The nature of medical negligence claims are very complex, and dependent on individual circumstances, time limits to bring an action may vary depending on the circumstances. However you should assume that it will be as normal, which is laid out below – this is why it is especially important that you act quickly if you think you have a claim. Don’t wait a while before speaking to a medical negligence solicitor, act quickly.
For further guidance on statutory Limitation, please refer to the Limitation Act 1980.
In Most Cases
For adults who are mentally capable, the time limit is three years from what is called the “date of knowledge”. This could be either the date that the negligence occurred, if it was realised immediately, or from the date when any symptoms, illnesses or malpractices were discovered.
When you talk to a solicitor, they will be able to explain to you whether you have an appropriate amount of time left to make the claim worth pursing.
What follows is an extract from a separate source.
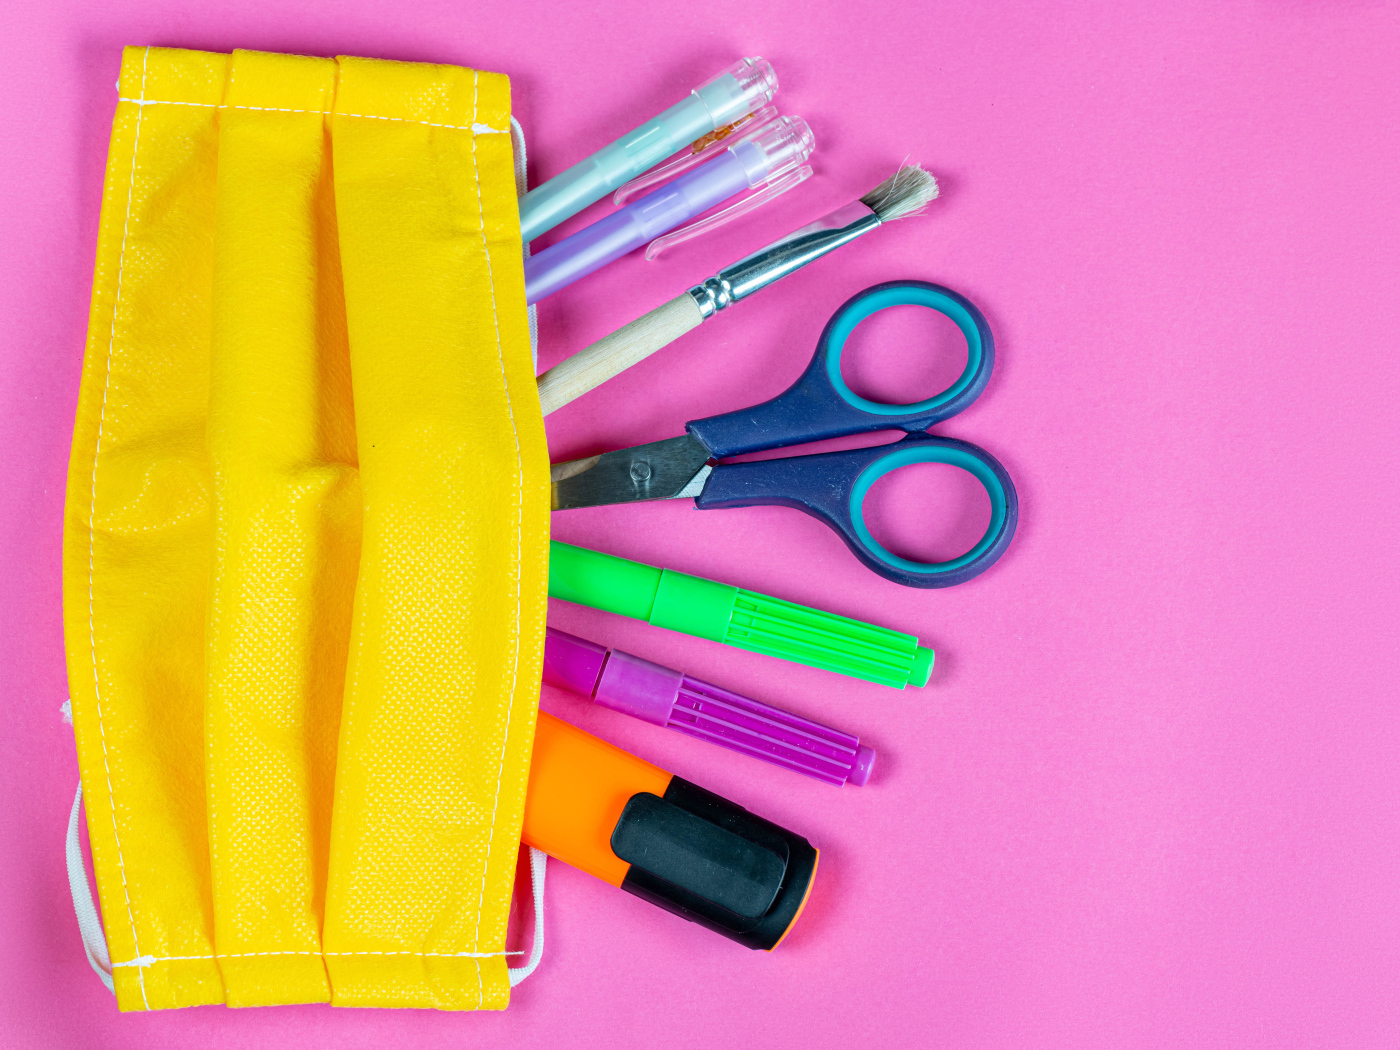 Желтая медицинская маска с ручками и ножницами на  розовом фоне

Medical negligence claims are quite complex and while you may know immediately if you have suffered from negligence such as botched surgery or had your care neglected, certain forms of negligence such as undiagnosed cancer may not become apparent until months or years later. In this case, you would have three years from the time you find out.
Please be aware that this is the time limit to issue a claim form, not to speak to a solicitor. Do not leave it too late to talk to a professional.
As you might expect, children are an important exception to the general rule.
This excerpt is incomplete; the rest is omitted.